Old-age insurance: no other fees are charged for supplementary payment, and the age for supplementary payment of old-age insurance is limited:
You don't have to pay, but it is recommended to pay, because the amount of pension is related to the payment period and payment base. The higher the payment base, the longer the payment period and the more pensions you receive.
When medical insurance retires, it must accumulate a certain payment period (including deemed payment period). Only when men reach the minimum payment period of 30 years and women reach 25 years can they enjoy free medical insurance benefits for life after retirement. When retiring, the accumulated payment period is lower than the specified requirements, and the payment period of the poor medical insurance can be paid according to the current rate standard.
The payment of medical insurance for employees may not be paid, except for retirement payment, interruption of work transfer for several months, and interruption of personal payment for no more than three years, and the medical insurance for urban employees may only be re-insured. Supplementary medical insurance does not need to pay late fees.
Accumulated calculation of pension insurance and medical insurance you paid in advance after retirement. Cumulative calculation of social security years. You have paid social security for 20 years now, so you just need to renew it.
The principle of social security is to pay more and get more. The longer the payment time, the higher the payment amount, and the more pensions will be retired in the future.

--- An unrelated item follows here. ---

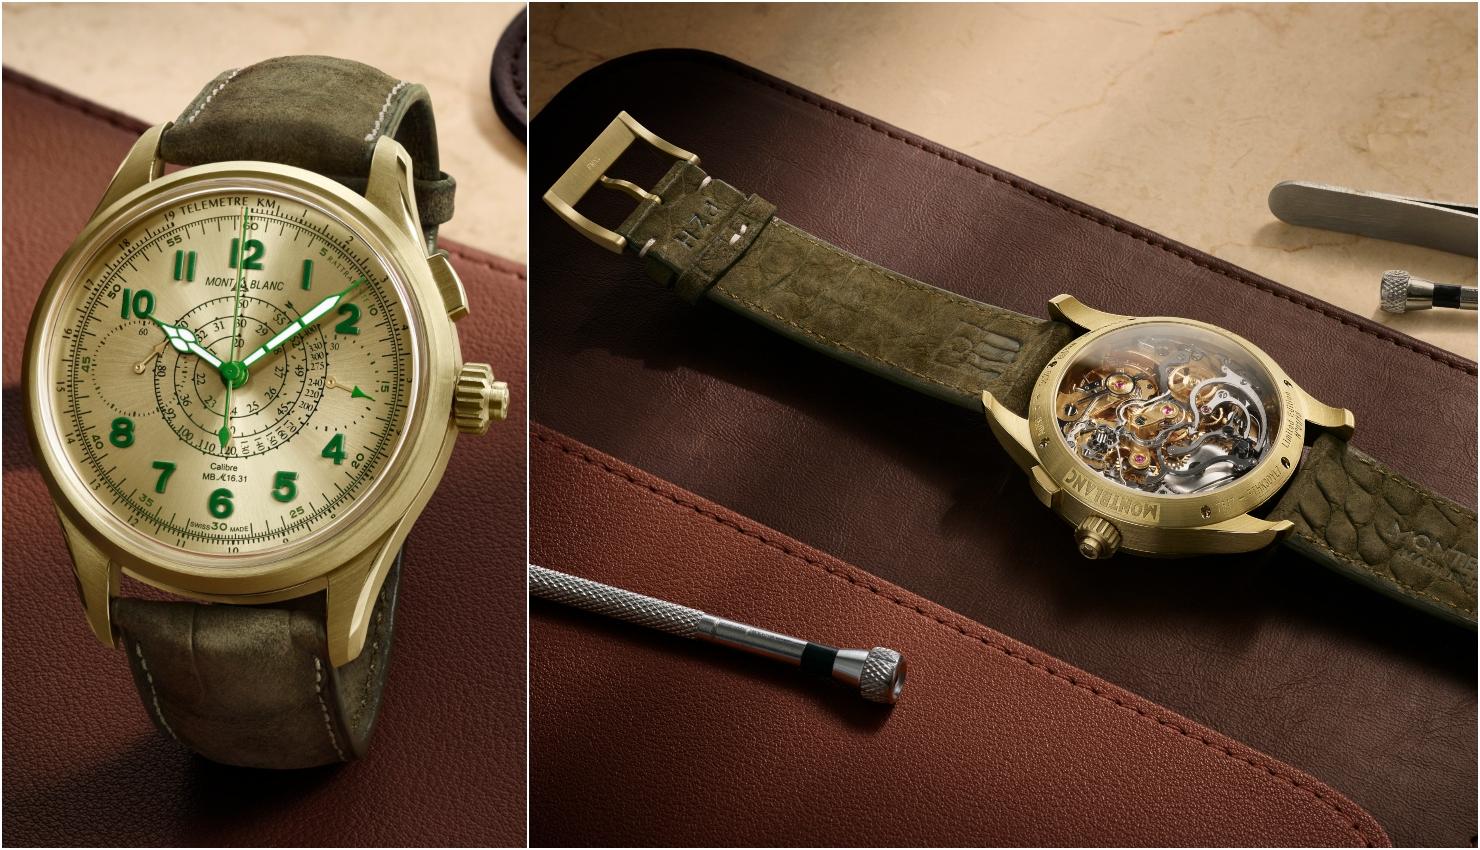 Novedades Relojes Hombres Montblanc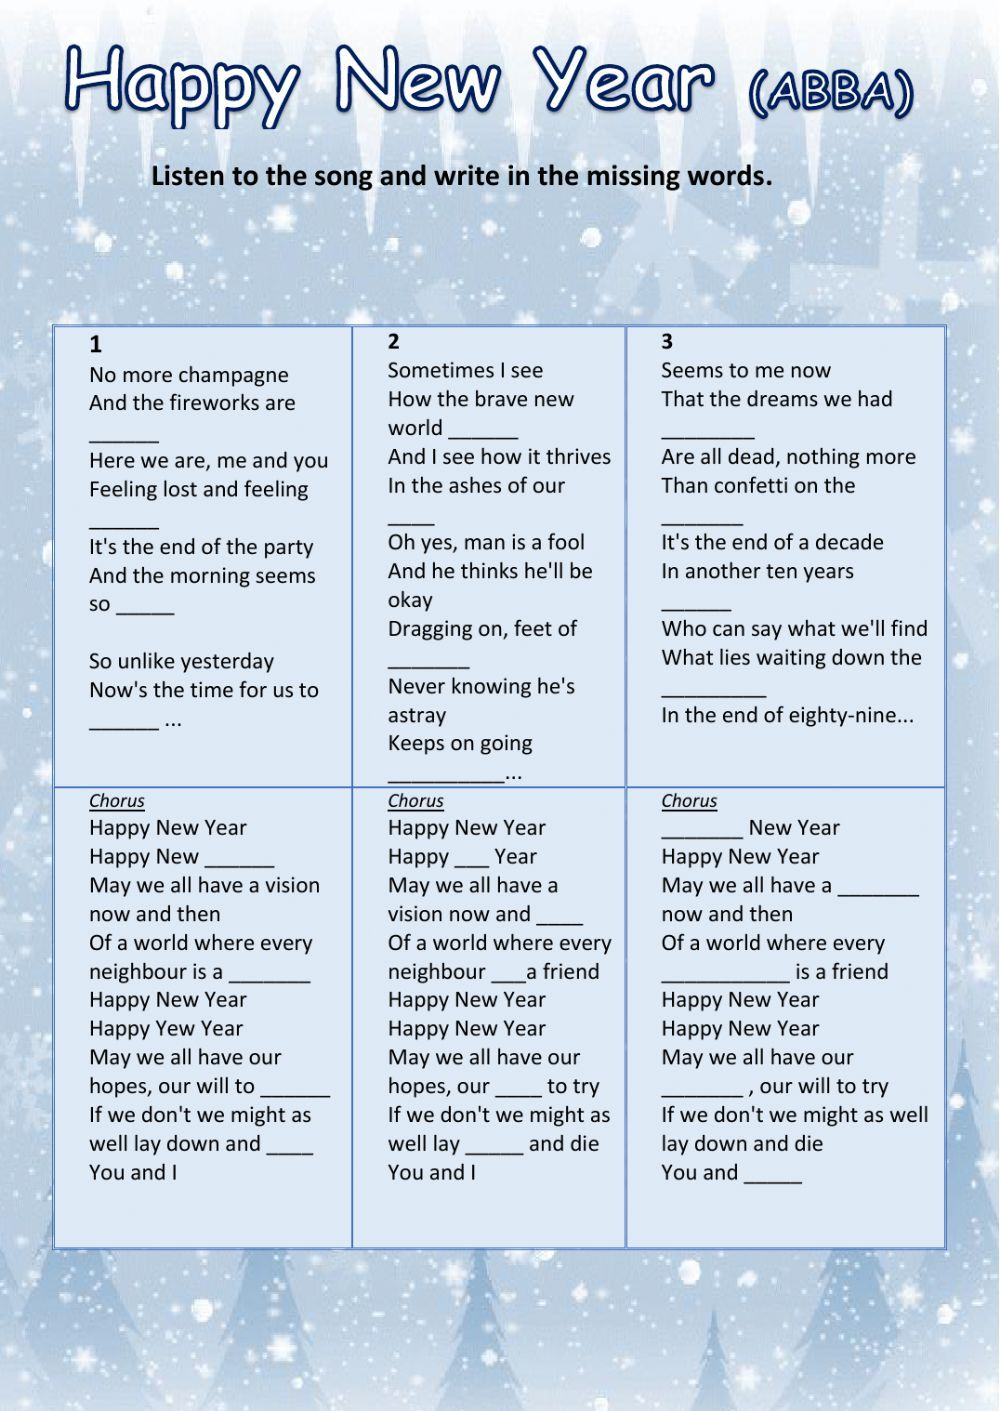 HAPPY NEW YEAR (ABBA) - Ficha interactiva inglés secundaria | In a ...

But the years when social security was interrupted also had some effects:
Among the social insurance we pay, endowment insurance and medical insurance are two major types of insurance. Although social insurance is cumulative, if payment is interrupted, it will have a serious impact on individuals. Once the old-age insurance is interrupted, it will seriously affect the future pension collection. The longer the interruption, the greater the pension loss.
1. If the length of service is not calculated during the interruption period, the salary for the length of service in the future will be gone;
2. If the personal account funds are not entered during the interruption period, the personal account funds will be reduced in the future, and there will be some losses when calculating the pension;
3. When reaching the legal retirement age, the time of life interruption is accumulated, and the accumulated interruption 12 months is pushed forward to calculate the pension for one year.